Wikileaks olayları, Arap Baharı ve Türkiye‟de yaşanan Gezi Parkı Olaylarında görüldüğü gibi çok sayıda sosyal krizde sosyal medyanın gündem belirleme gücünün yanında, bireyler üzerinde yönlendirici etkisi net olarak görülmüştür. Sosyal medya vasıtasıyla yöneticiler paydaşların, takipçilerinin kriz mesajlarına nasıl tepki verdiklerini belirleyebilir ve böylece etkili bir kriz yönetim sürecini inşa edebilirler. Bu kapsamda sosyal medya ve kriz yönetimi arasındaki

(18)

genel ilişkiye dayalı olarak Türkiye‟de son yıllarda ortaya çıkan tarihi önemdeki olayların bu temelde ele alınması önem arz etmektedir.

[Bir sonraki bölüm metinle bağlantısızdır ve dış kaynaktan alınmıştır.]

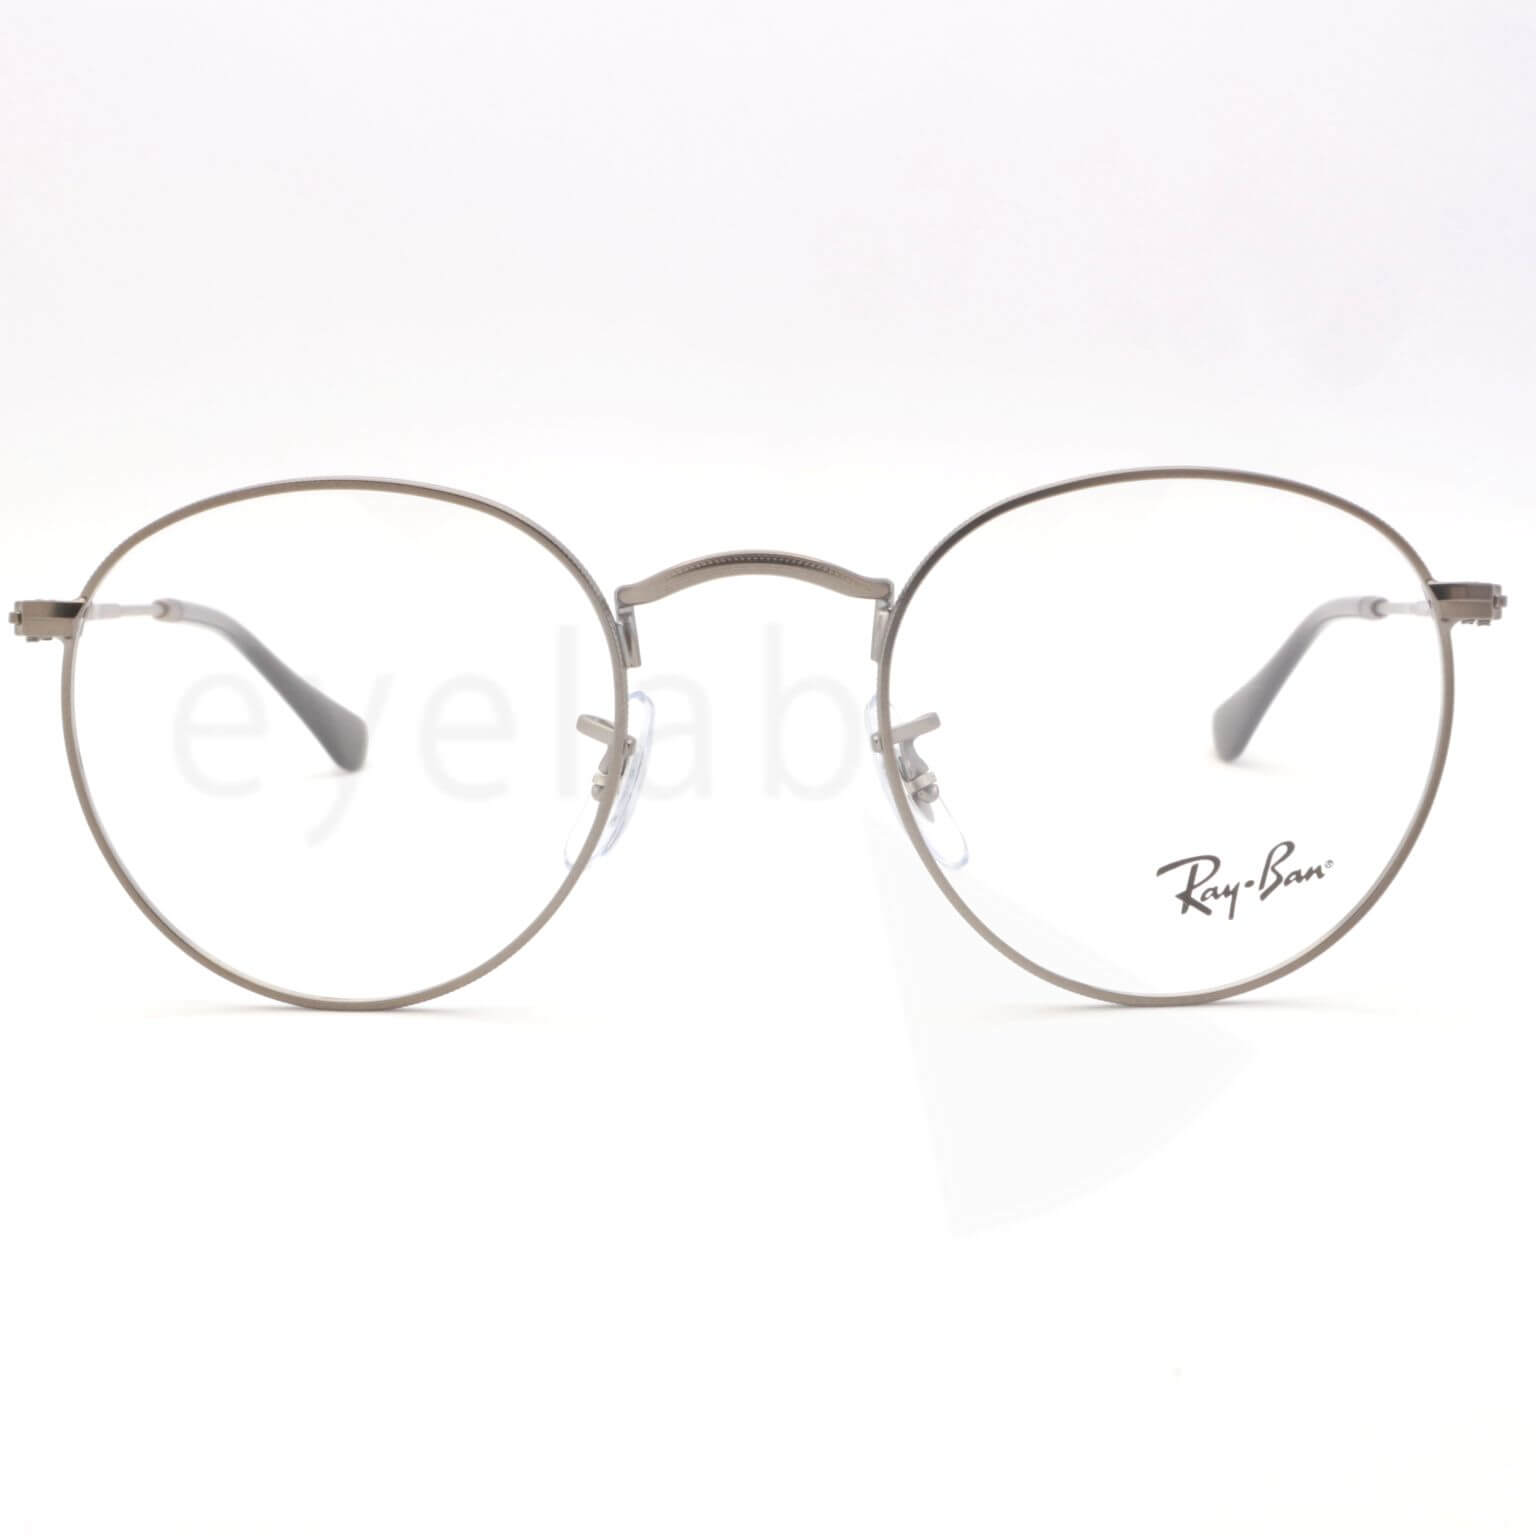 cdcecde73c Γυαλιά οράσεως Ray-Ban Round Metal 3447V 2620
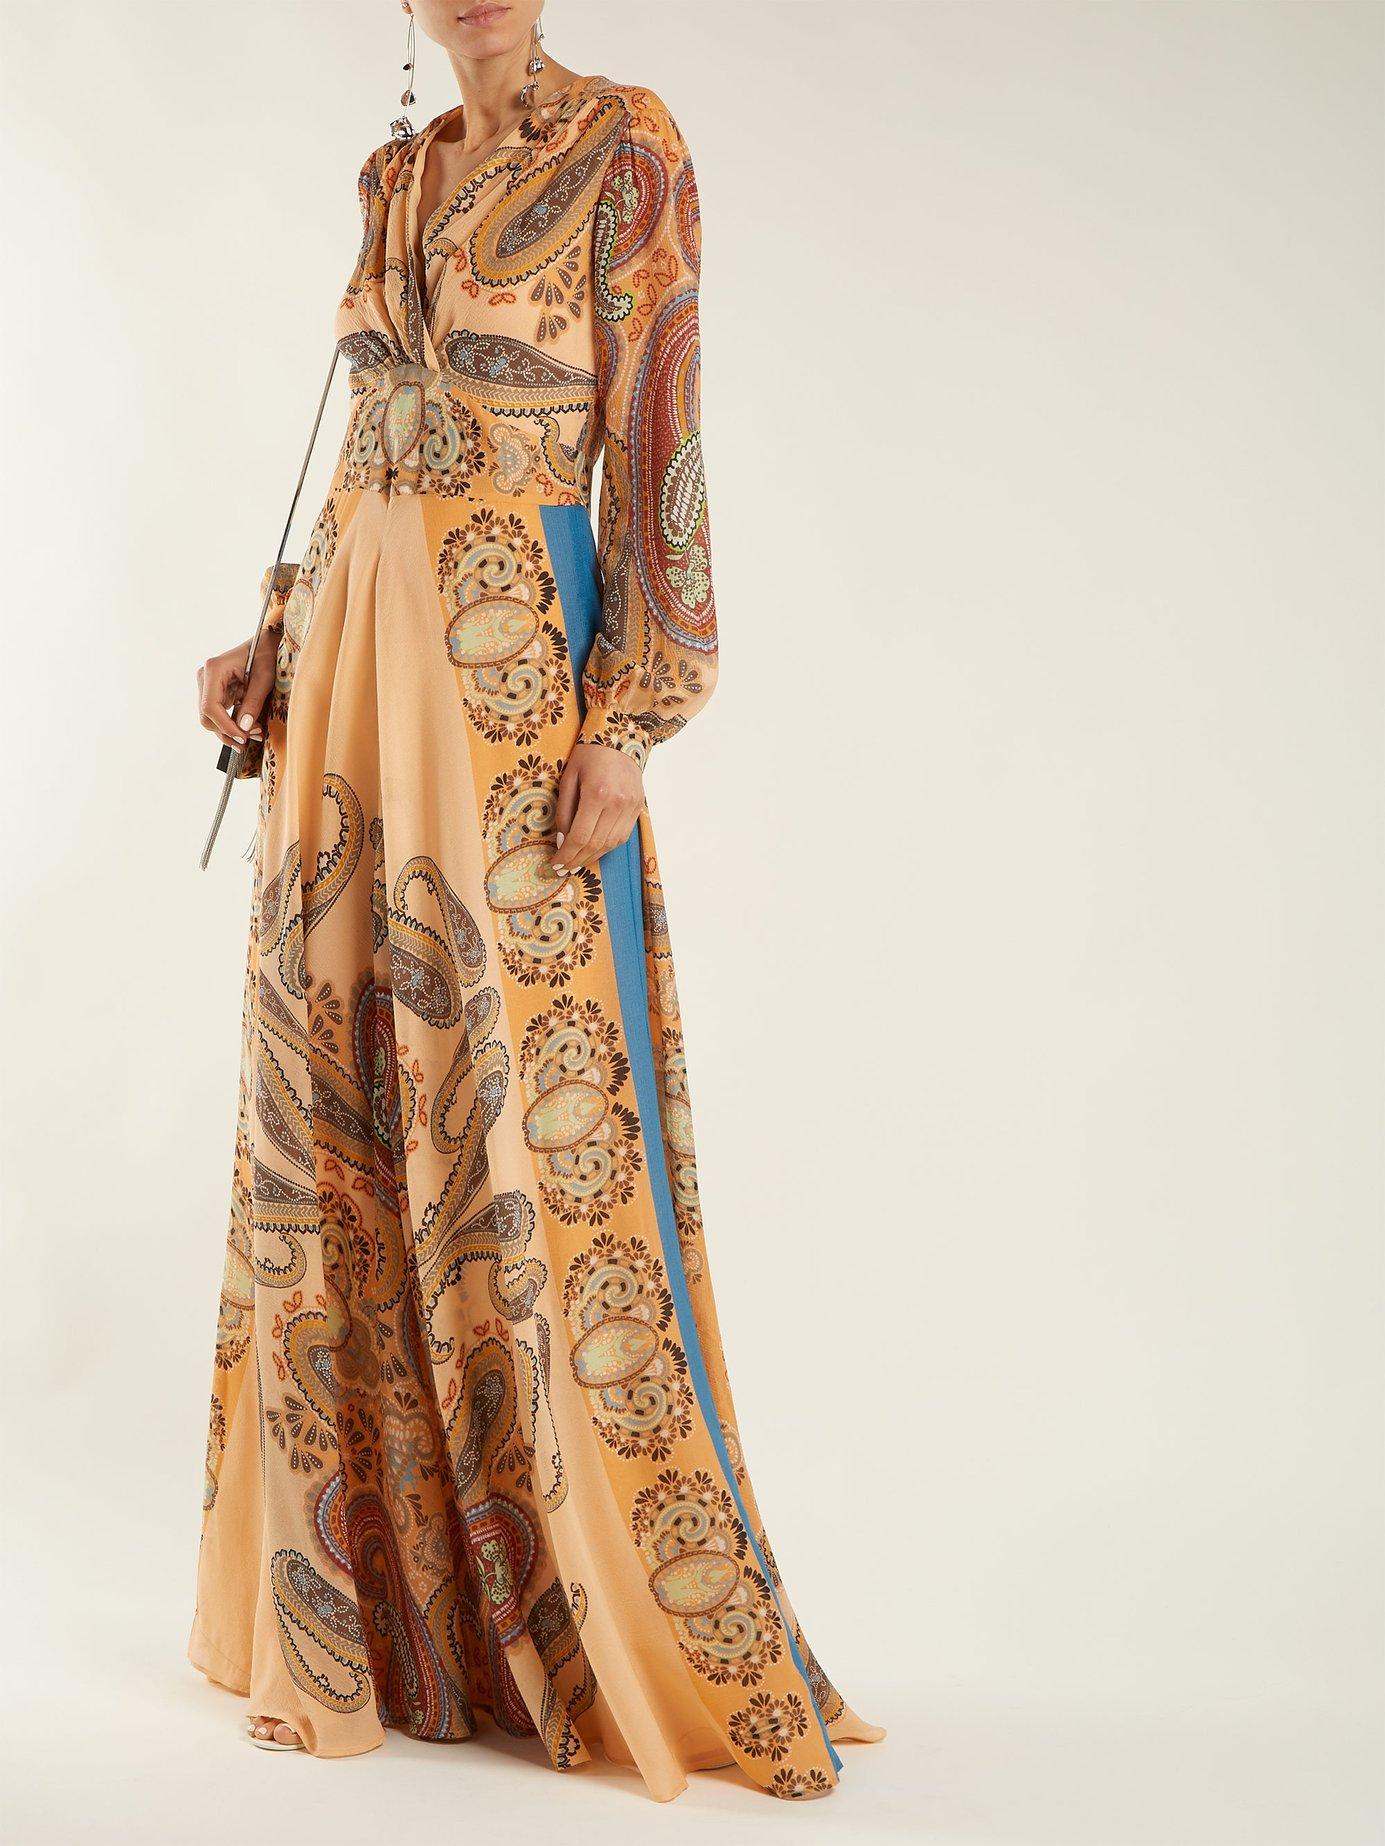 Jasper paisley silk dress by Etro

Yöneticilerin sosyal medya platformlarında iletişim araçlarını kullanarak kriz yönetim becerilerinin nicel ve nitel yöntemlerle ele alındığı bu çalışmada 15 Temmuz, Ankara Garı patlaması, Afrin harekâtı olaylarına ilişkin cumhurbaşkanı, başbakan, içişleri bakanı, Ankara valisi ve Ankara büyükşehir belediye başkanın Tweetter‟da paylaştığı mesajlar analiz edilmiştir. Bu çalışma kapsamında 10 Ekim 2015‟te Ankara Tren Garı önünde yaşanan patlama olayı, 15 Temmuz 2016 darbe girişimi ve Afrin harekâtında kamu yöneticilerinin kriz yönetim sürecinde Twitter kullanım durumlarını ortaya koymayı amaçlamaktadır. Araştırma, kamu yöneticilerinin ve siyasi liderlerin kriz yönetim sürecinde sosyal medyayı kullanım yoğunluklarını ortaya koymak ve bunun etkilerini tespit etmek açısından önem taşımaktadır.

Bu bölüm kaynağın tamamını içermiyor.